Seven minutes isn’t a long time. But it’s long enough to ask questions about what it means to responsibly, ethically break news. It’s long enough to wonder if it’s worth risking the credibility of a historically reputable print brand just to be first to tweet a celebrity’s death online. By the time the Wall Street Journal posted its first brief, the New York Times had also begun to report facts in the case. The most disturbing of these was the mention that an official had requested anonymity as he gave sensitive details to the press -- including that Hoffman passed of an apparent overdose -- “because he was not certain the actor's family had been informed of the death.” (The Times has since apparently removed that text from their article on Hoffman’s death, but the paragraph was quoted elsewhere.)

In short: Twitter and, within the space of seven minutes, the Internet-accessing world may have known that Philip Seymour Hoffman had been found dead in his apartment before his three young children, with whom he was scheduled to spend the day, and his longtime partner, Mimi O’Donnell.

Though the idea of that chills me to the bone, Philips Media Training founder Brad Phillips asserts that it's not unusual. Though print journalists once voluntarily withheld names of victims until next of kin were notified, in the age of the Internet, where photos of a crime scene can be tweeted by passersby long before the first reporters reach the site, there’s no longer a hard and fast consensus around withholding names.

“Would releasing the news on an official channel — even without family notification — help clear up confusion and offer confirmation instead of allowing unconfirmed speculation to fester?” Philips wonders. “And couldn’t it be argued that that would be more respectful of the families?”

These are challenging questions, ones that should be evaluated on a case-by-case basis.
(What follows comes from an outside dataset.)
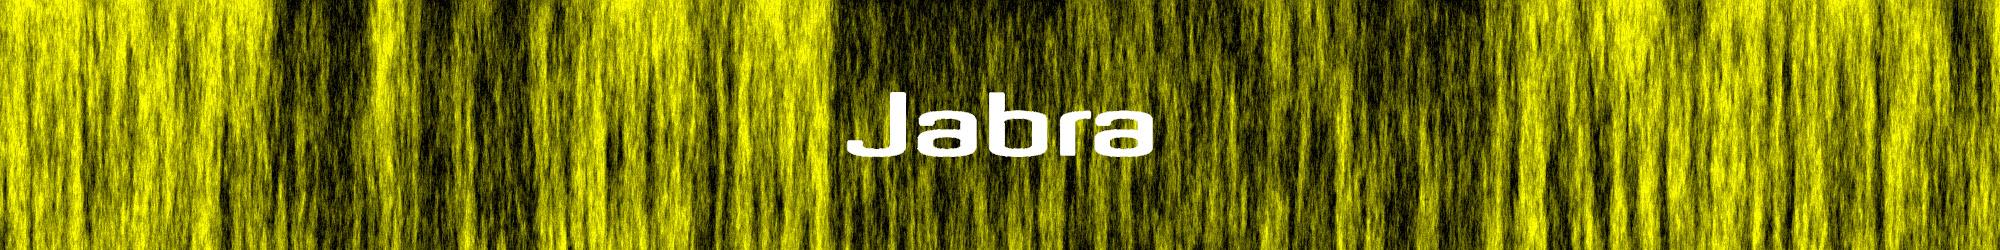 Jabra banner

Perhaps there are valid arguments to be made for releasing victims’ names before their families have been notified. But in the case of Philip Seymour Hoffman, the swift release felt unseemly and unnecessary. A celebrity’s overdose isn’t so time-sensitive that we can’t afford to respect the children of the deceased by waiting to confirm that they have been notified before the public has.

For seven minutes, the time it took the Wall Street Journal to write a story to back up its tweet, we could’ve gone without knowing that Philip Seymour Hoffman had died. Since Hoffman’s children and partner were in the same city and expecting him, it’s likely they were contacted around the same time reporters were talking to officials on the scene. It would’ve taken only minutes to confirm this before firing off tweets and updates.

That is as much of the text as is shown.